Eschatological search for omens and portents
Schedel, Hartmann. Liber Chronicarum (Nuremberg: Anton Koberger, VII 1493).
The Library of St John’s College, Cambridge: Ii.2.26, f. 250r.
The Library of St John’s College, Cambridge: Ii.2.26, f. 250r.
DEVOTIONAL READERS
Hartmann Schedel structured his Chronicle according to medieval patterns, interlacing ancient and sacred history with stories of strange natural phenomena, portents, and omens. These subjects interested early modern readers, who often highlighted paragraphs about monsters, witchcraft and prophesies. A French reader of this copy of the Chronicle was so interested in supernatural signs that he used the margins of more than forty pages to describe the portents of impending Apocalypse. What may be surprising about this reader is that he lived much later than most of other annotators of the Chronicle – at the end of the Age of Enlightenment.
“A reader told in the margins various prophesies and portents of Apocalypse.”

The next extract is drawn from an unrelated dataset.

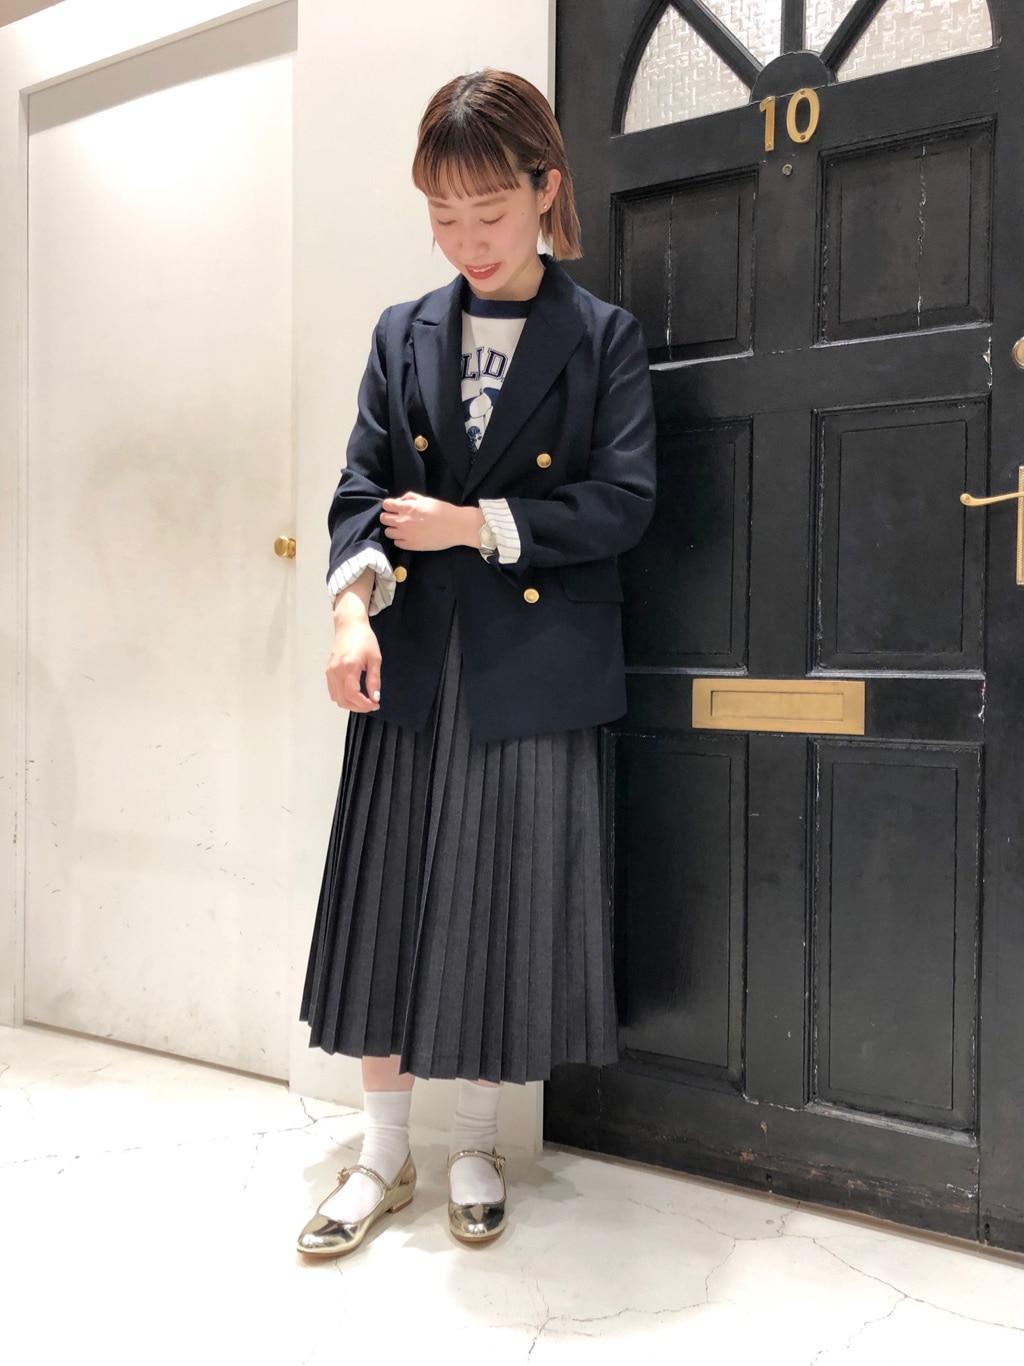 Dot and Stripes CHILD WOMAN ルクアイーレ 身長:157cm 2021.04.07
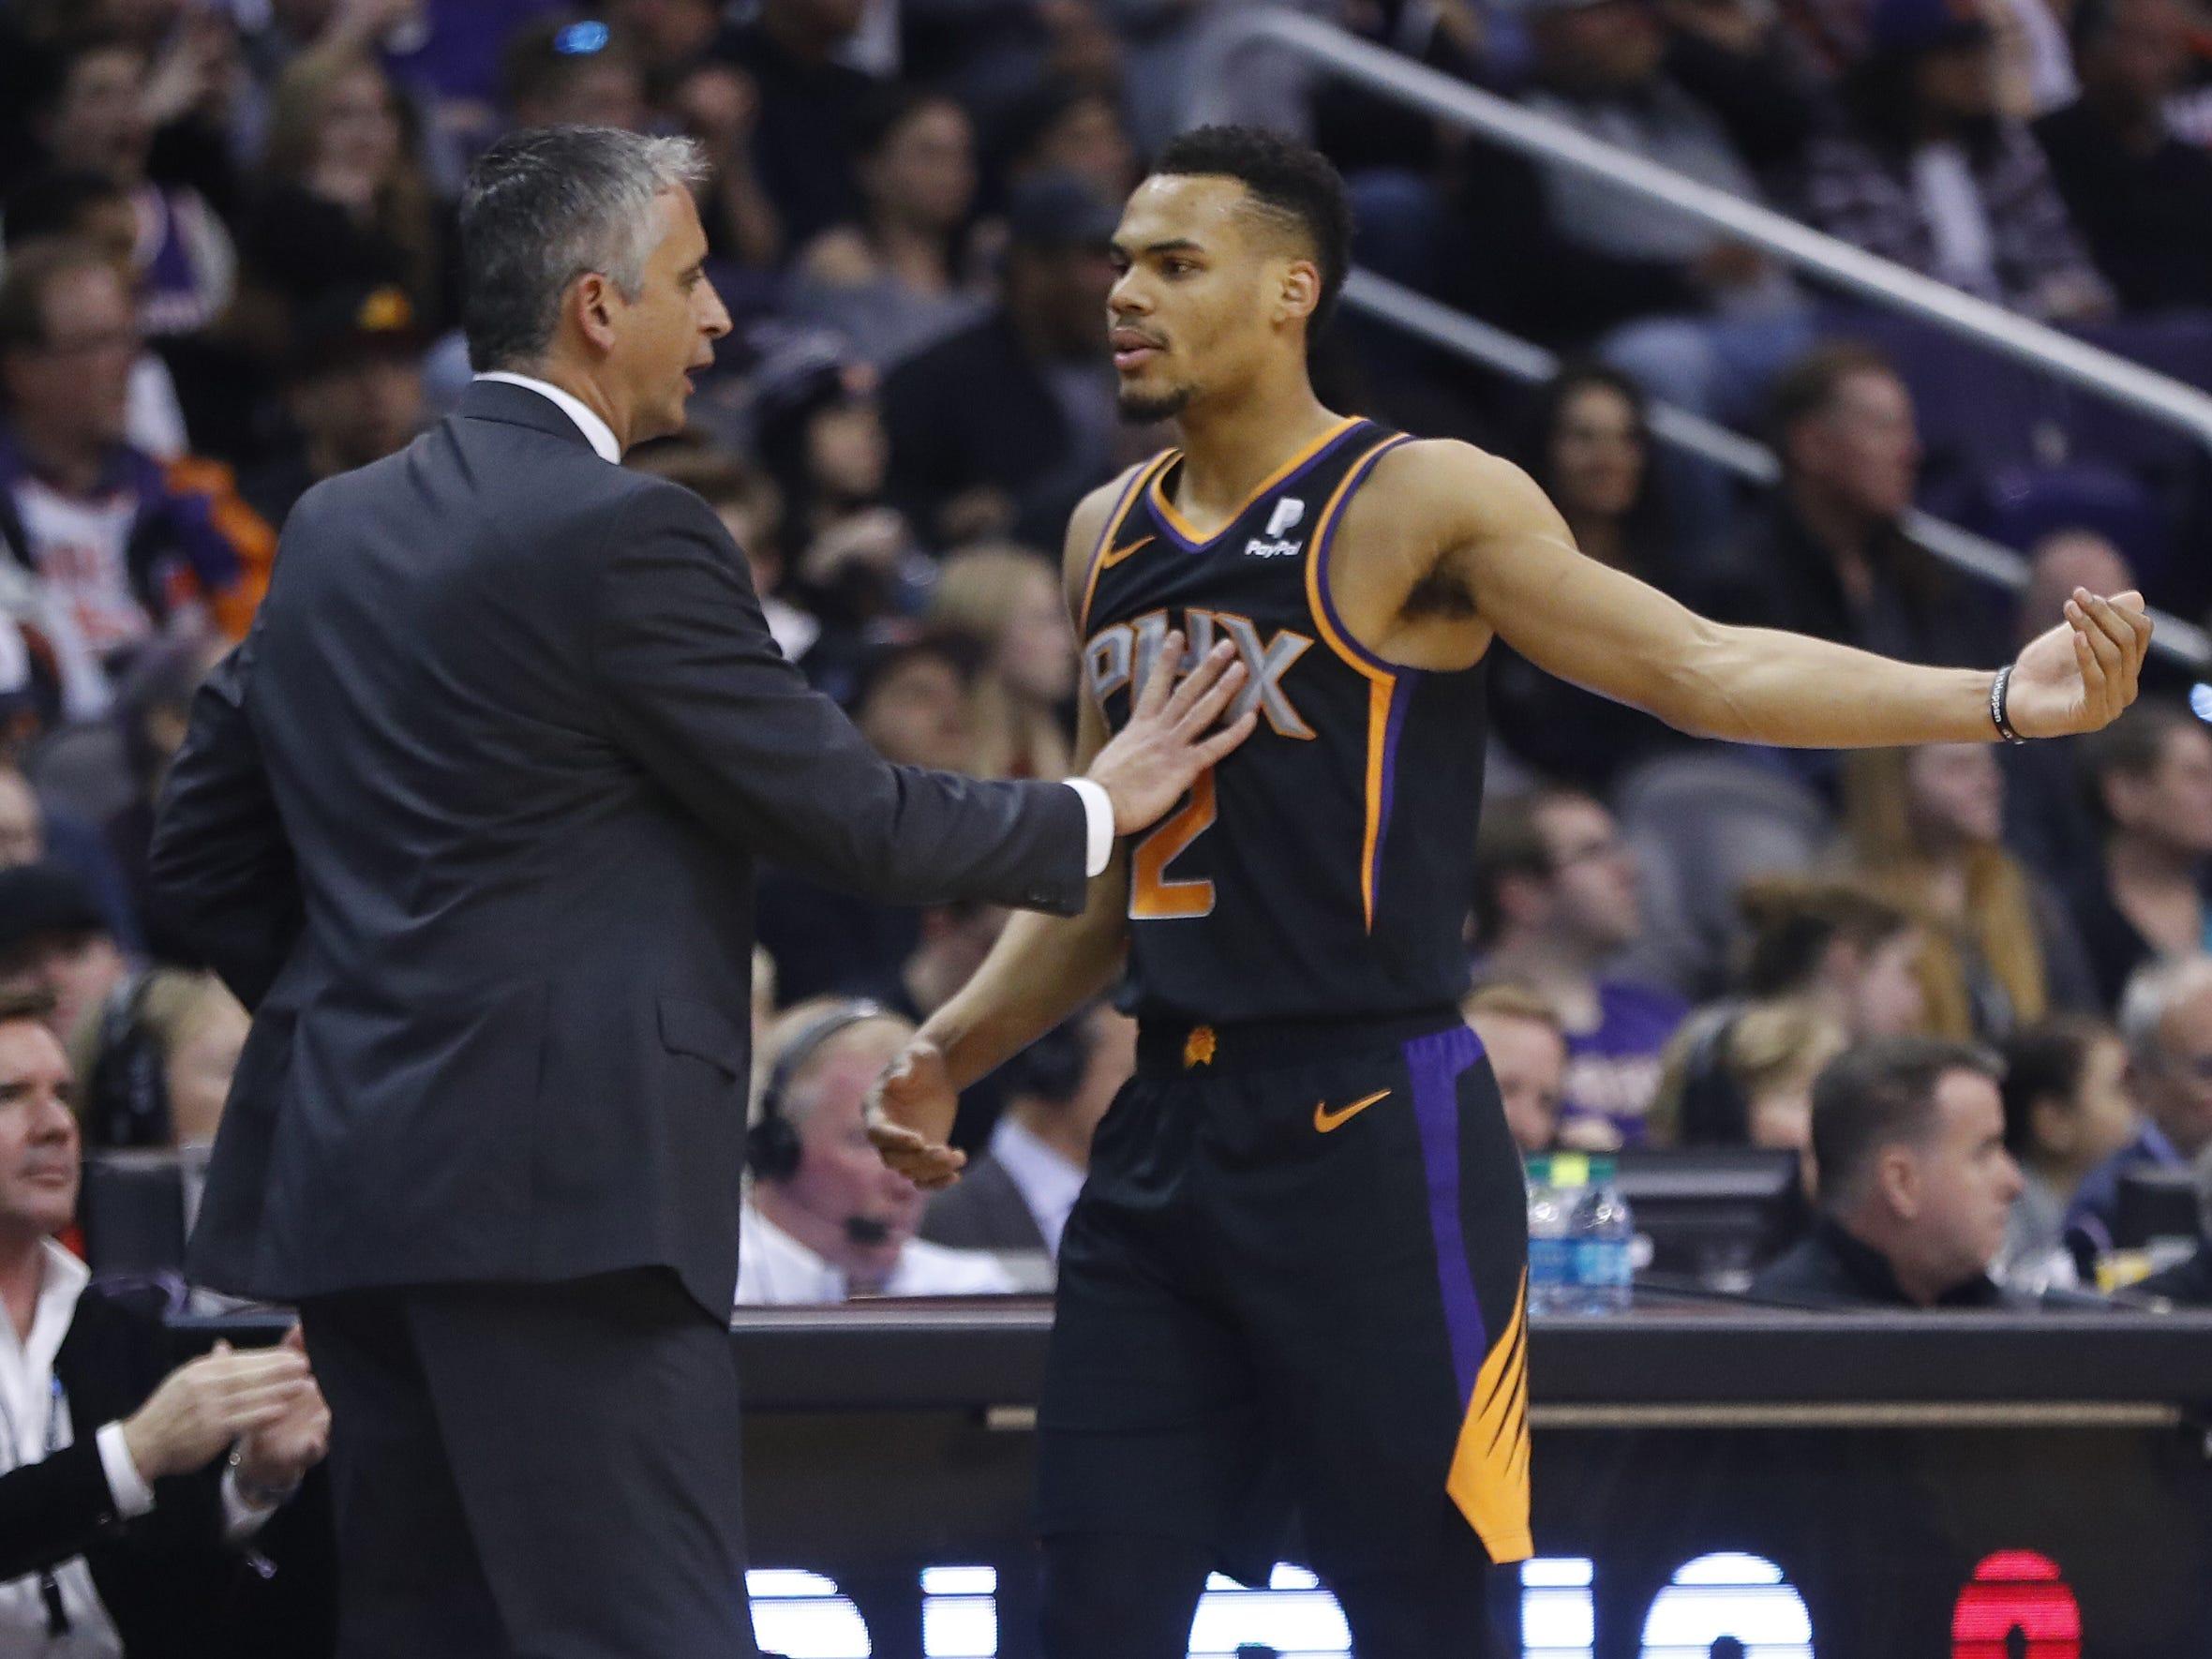 Suns' Igor Kokoskov puts his hand on Elie Okobo (2) as they talk during the second half at Talking Stick Resort Arena in Phoenix, Ariz. on January 4, 2019.

This page provides us with an example of a dialogue between the 15th_century compiler, Hartmann Schedel, and an anonymous 18th-century reader. The printed text combines historical events with tales about double-headed calves, bloody rains, and comets. In the margins, the reader has added details of the prophesies of St Malachy, an Irish Saint of the 12th century, who predicted the names of the next 112 Popes. The reader was particularly interested in the details of the last pope before the Apocalypse, the fictional Pope Peter II. St Malachy’s prophesy was probably a forgery of the late 16th century, so it is not surprising that it was not mentioned in the Chronicle itself.
Other margins of this copy of the Chronicle contain copious manuscript notes about yet more prophesies and portents of Apocalypse. This reader’s interest in the Apocalypse may be explained by the violent politics of 18th-century France: one of his or her notes mentions that France was a ruin in the year of 1799. This copy of the Chronicle reveals the long life of medieval traditions, which interested people well into the Enlightenment and beyond.
DEVOTIONAL READERS
The Nuremberg Chronicle was not a book on devotion, but reflected readers’ personal piety. The Chronicle’s predictions of the Apocalypse made them contemplate the vanity of life, the meaning of death, and their hopes of salvation. The margins of the Chronicle preserve manuscript prayers and pious quotations, as well as records of births and deaths in the readers’ own families.